Sources and methodology
Why this page exists
Authoritative reptile care information lives in scattered places — veterinary manuals, peer-reviewed husbandry papers, conservation organizations, hobbyist-curated reference sites. This page catalogs the sources we draw from and explains how we weight them.
Primary veterinary sources
- Merck Veterinary Manual — Reptiles
The standard veterinary reference. We cite this on every species page for husbandry and health information. - Association of Reptile and Amphibian Veterinarians (ARAV)
Professional veterinary organization. Care guides, vet directory, position statements. - American Association of Zoo Veterinarians (AAZV)

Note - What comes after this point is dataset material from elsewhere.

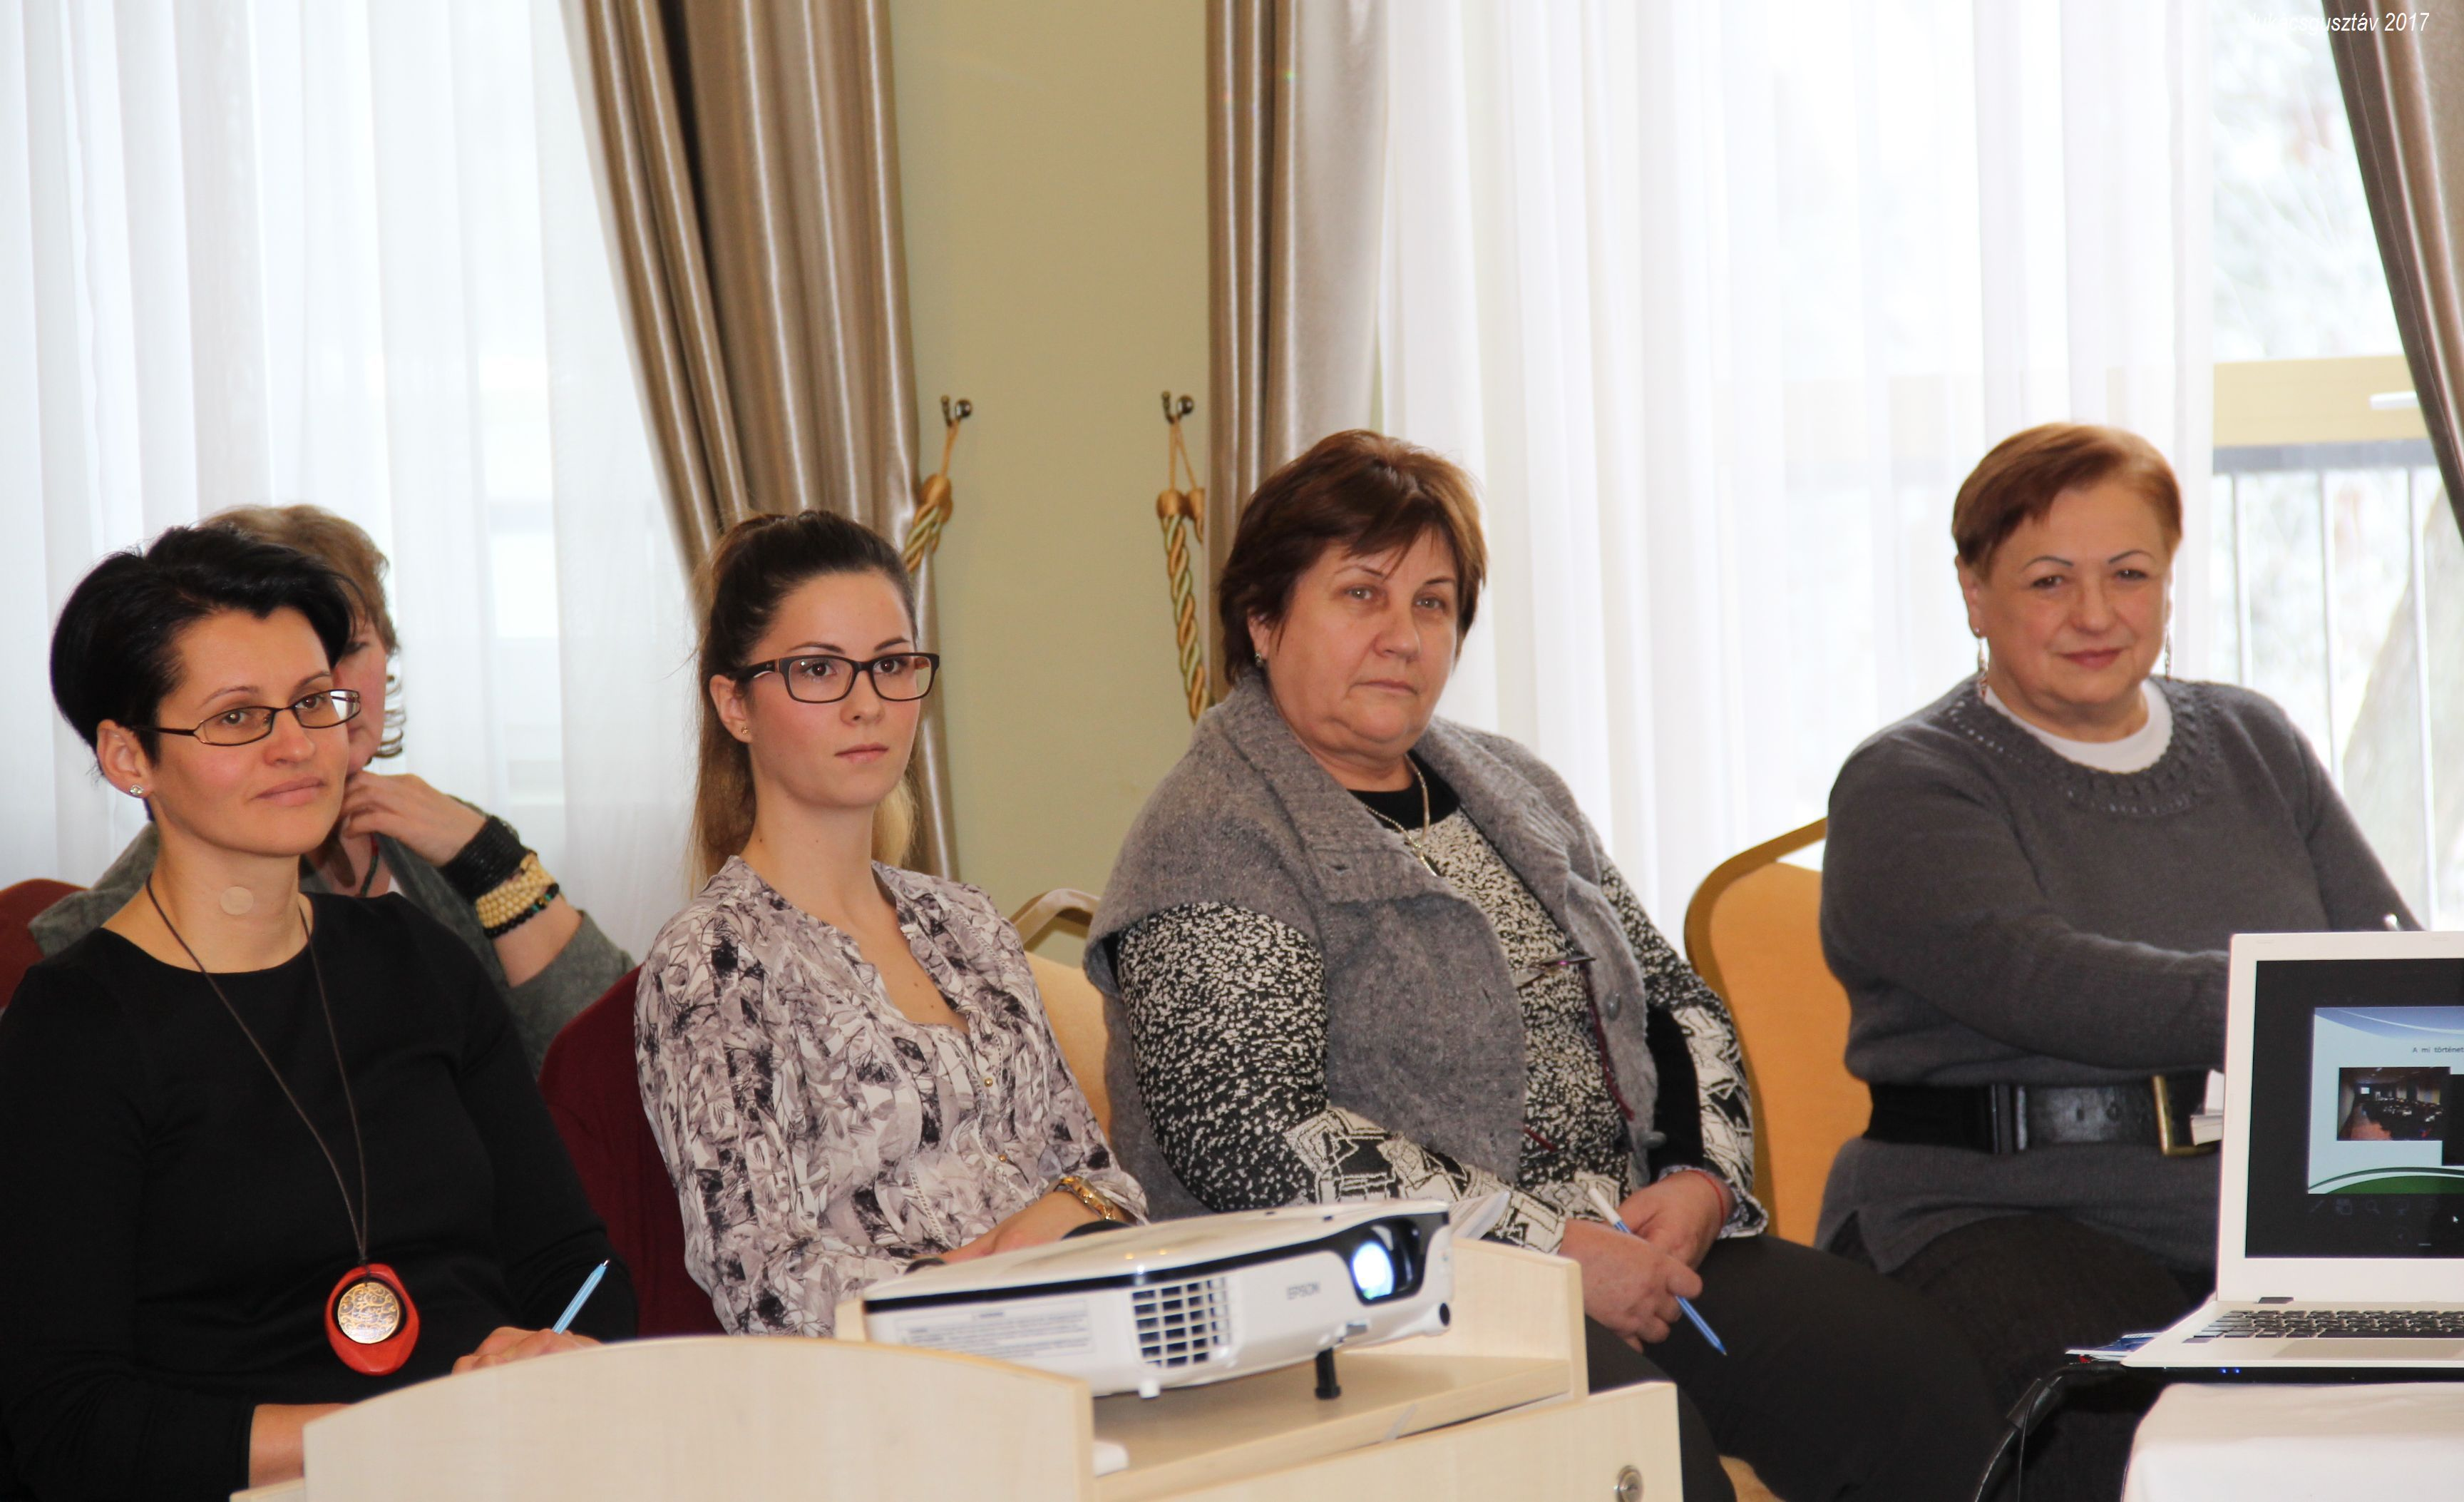 Vezető képzés Miskolcon a Calimbra Hotelben - 2016.01 (17)

Used for zoological-grade husbandry references on species where pet care intersects with zoo standards.
Peer-reviewed research
We cite specific studies on each page where the recommendation depends on them. Recurring journals we draw from:
- Journal of Herpetological Medicine and Surgery
- Veterinary Clinics: Exotic Animal Practice
- American Journal of Veterinary Research
- Journal of Zoo and Aquarium Research
- Journal of Animal Physiology and Animal Nutrition
- Animal Welfare
Authoritative hobbyist references
- ReptiFiles
Highly cited modern care guides built on peer-reviewed sources. We cross-reference where current best practice differs from older common practice. - Tortoise Trust
Authoritative tortoise care references including the foundational pyramiding research. - Chameleon Academy
The deepest publicly accessible resource on chameleon husbandry. - Caudata.org
Salamander and newt care, including axolotl-specific husbandry.

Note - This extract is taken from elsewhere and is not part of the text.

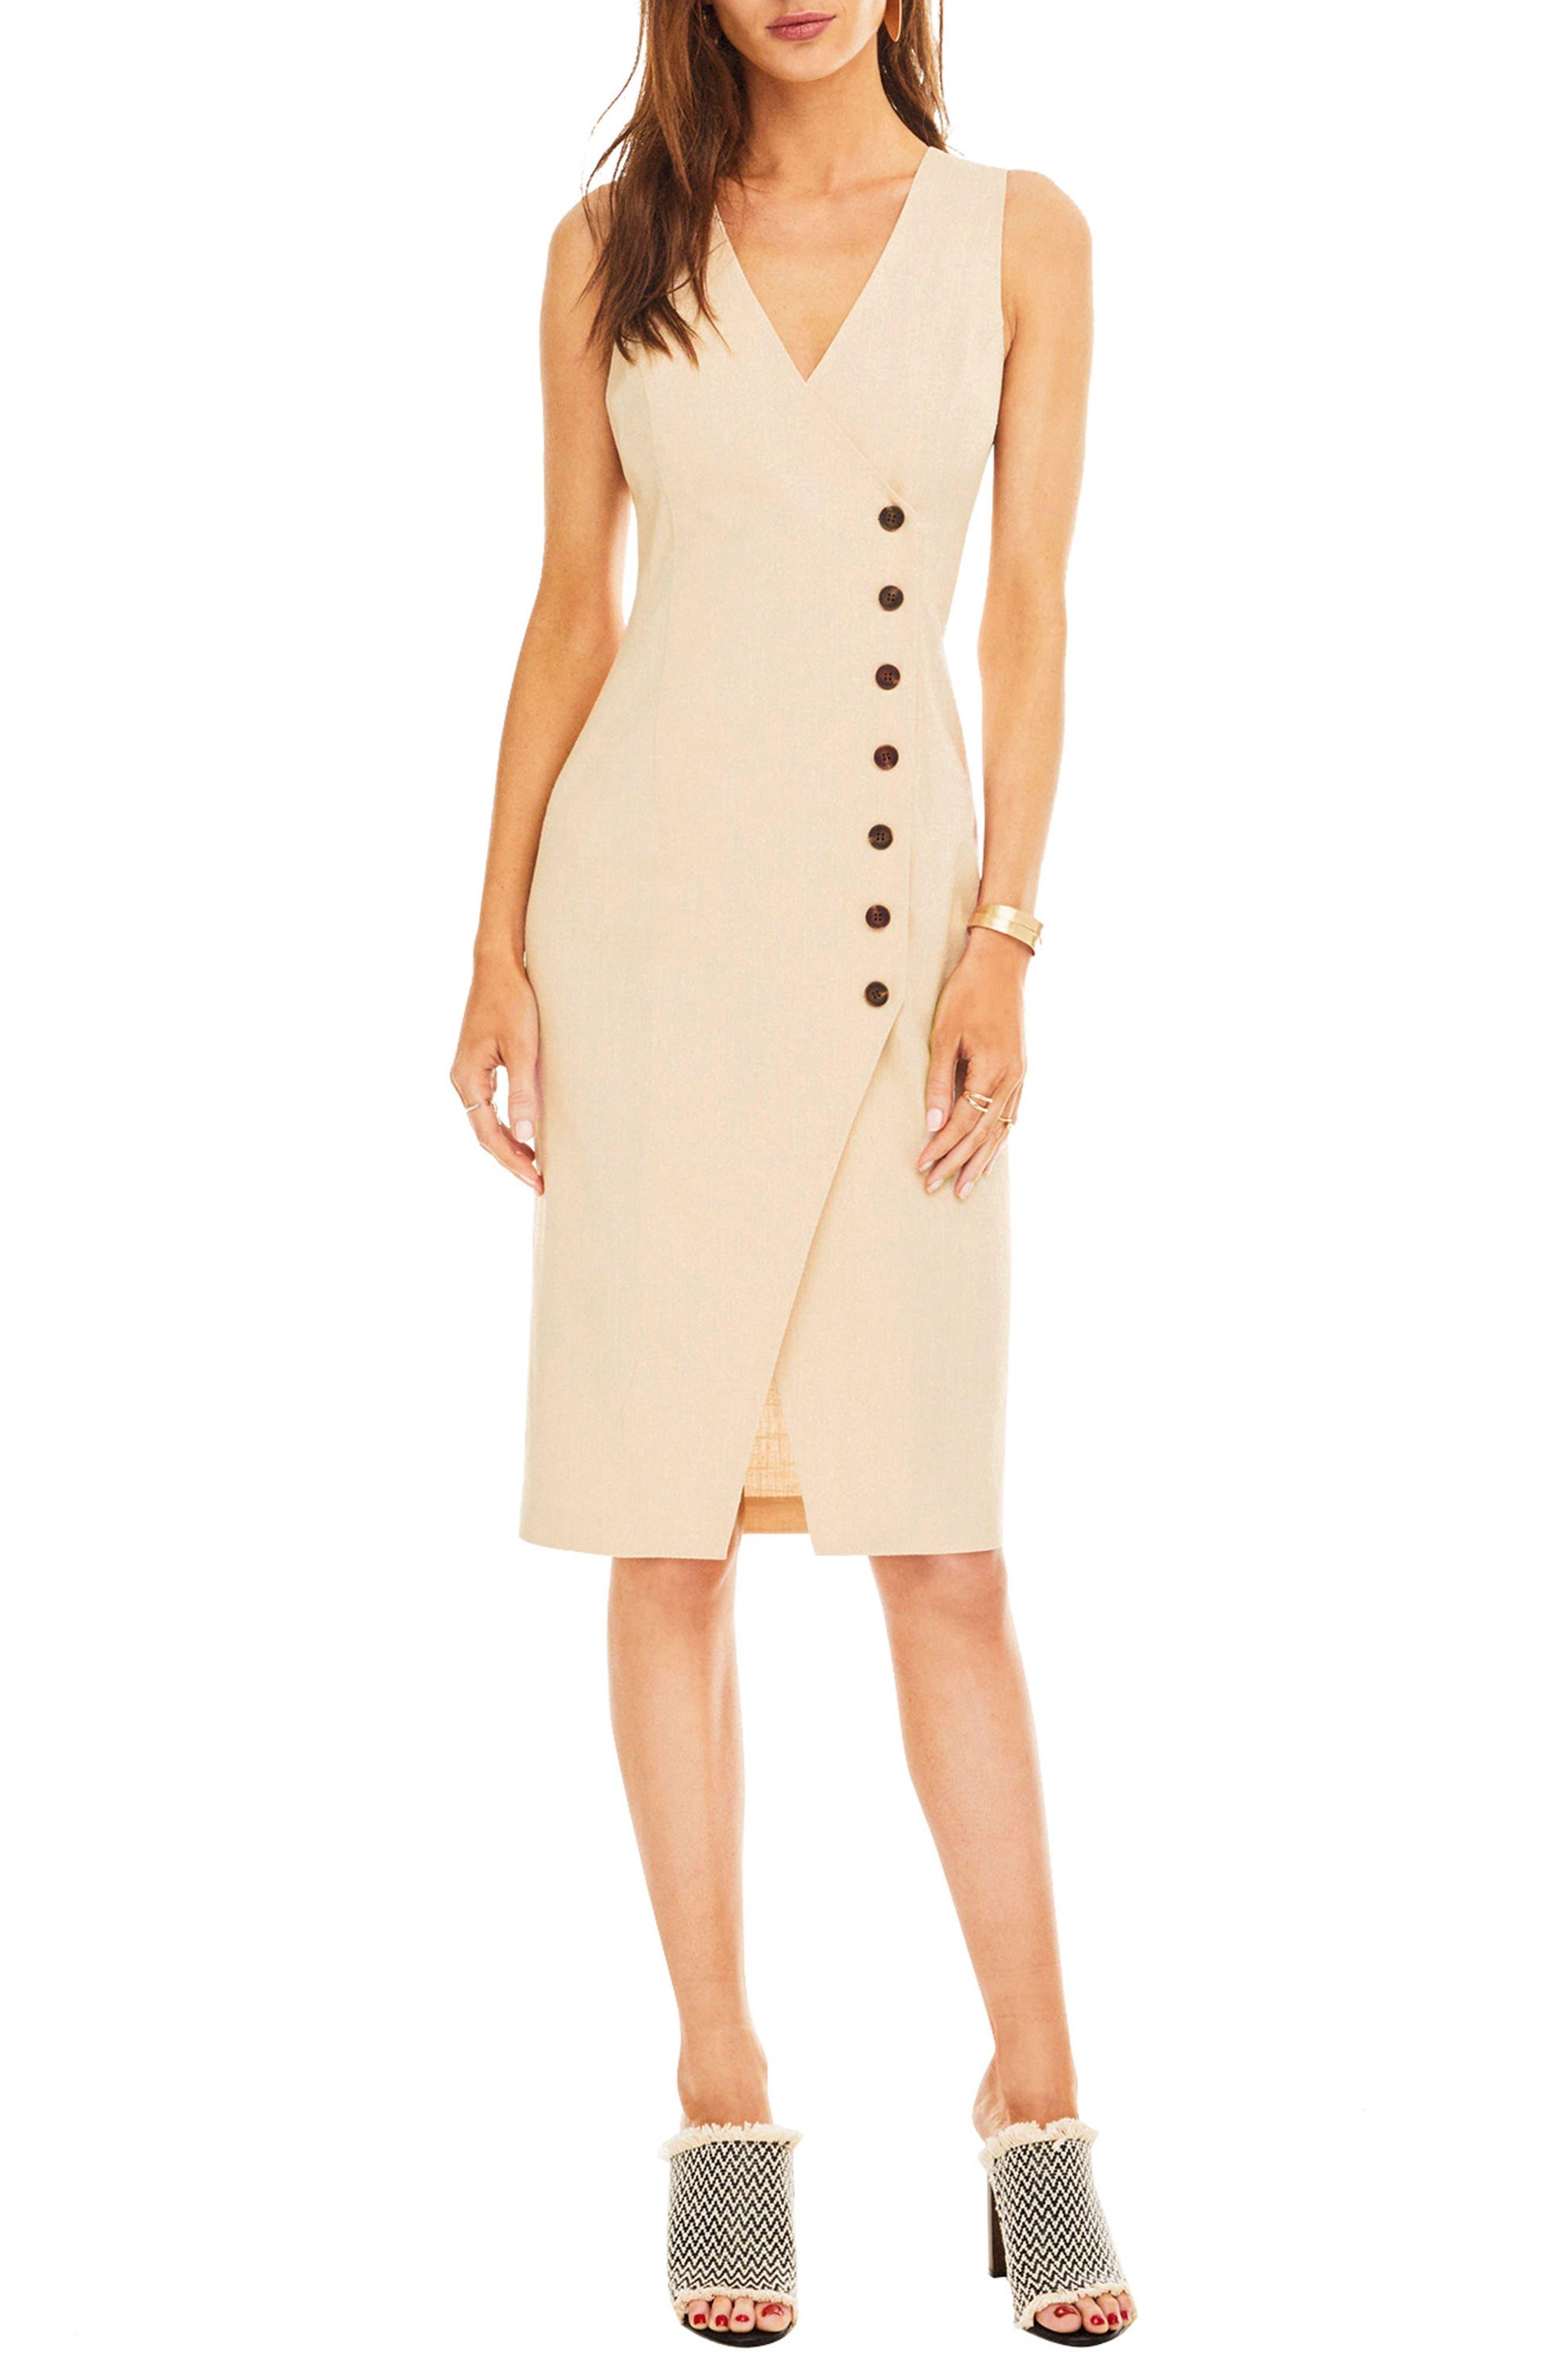 ASTR THE LABEL Demi Dress, Main, color, 250

Conservation and natural history
- IUCN Red List
Conservation status, natural range, population trends. Cited on every species page. - USFWS
Listings for native US species and federally regulated exotic species. - CITES
International trade regulations affecting which species can legally enter the pet trade.

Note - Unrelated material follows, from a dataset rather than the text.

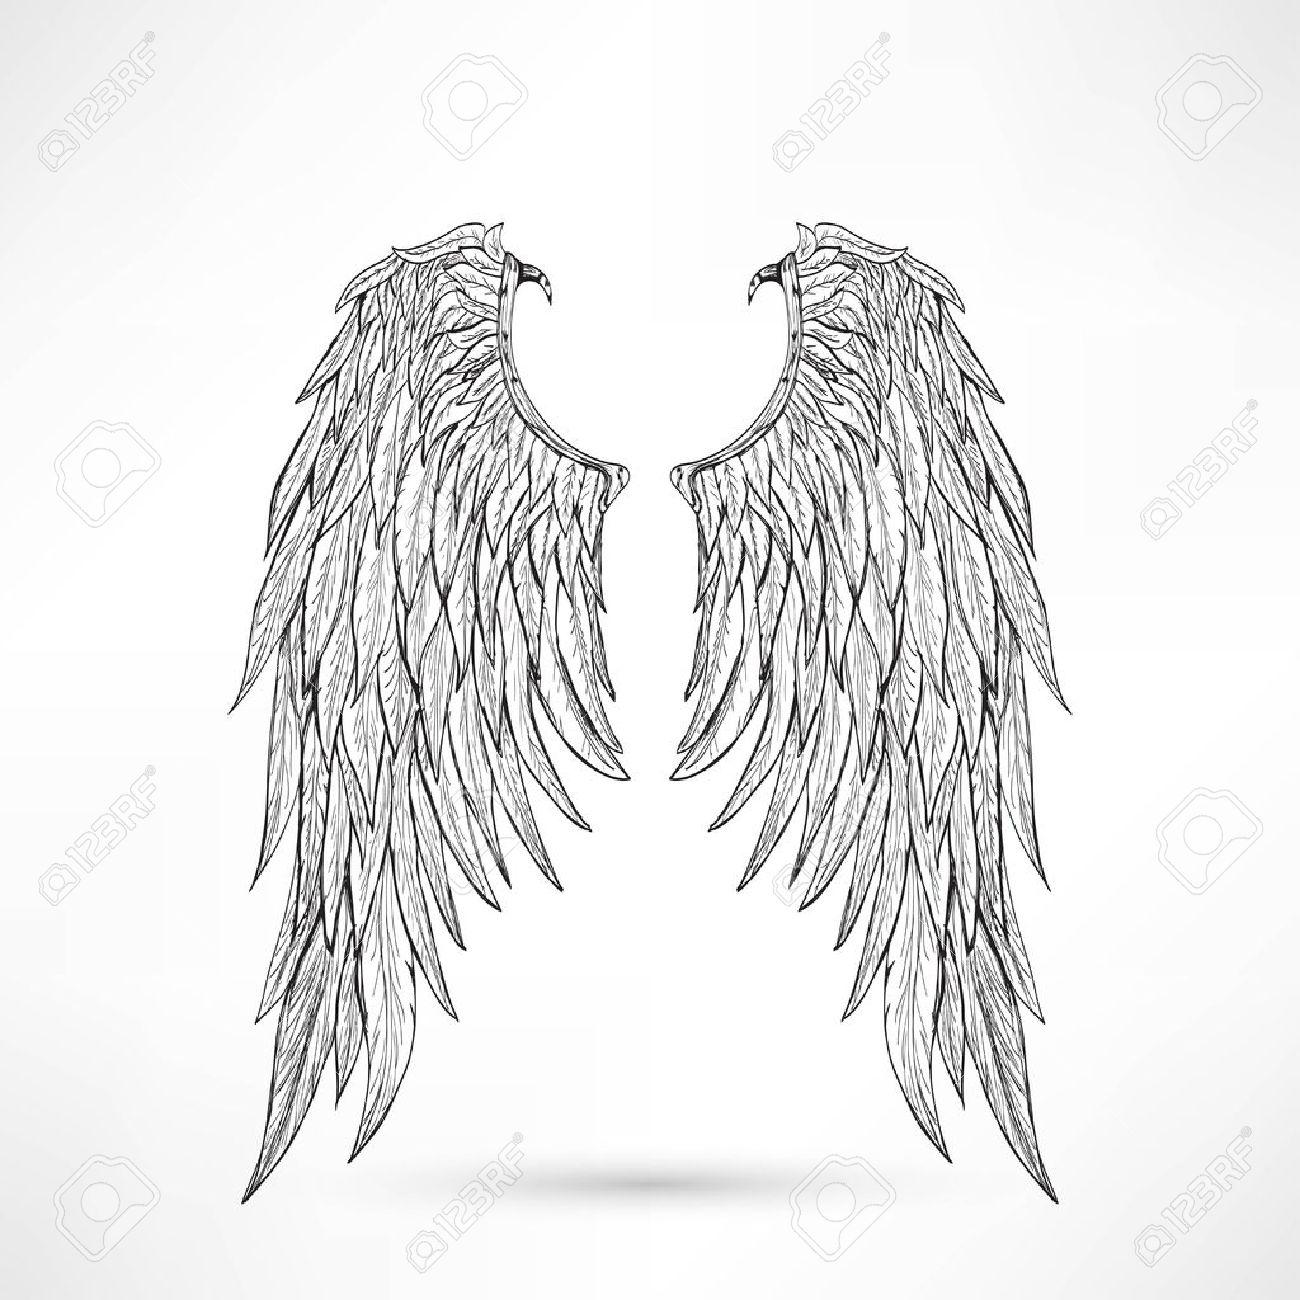 イラスト天使の翼のイラスト素材ベクタ Image 45446662

How we weight conflicting sources
When sources disagree, we follow this order:
- Recent peer-reviewed research on the specific question, when published in a credible veterinary or herpetological journal
- Current Merck Vet Manual and ARAV consensus
- Long-standing keeper consensus from credible hobbyist sources (ReptiFiles, Tortoise Trust, etc.) when veterinary literature is silent
- Manufacturer technical data (e.g., UVB bulb output charts from Arcadia, Zoo Med) for product-specific questions
When current research overturns older keeper consensus — bearded dragon UVB, leopard gecko substrate, tortoise pyramiding — we side with the research and explain why.
When this page updates
We add sources as we encounter new credible references. We remove sources if they prove unreliable. The "Last updated" date reflects the most recent change.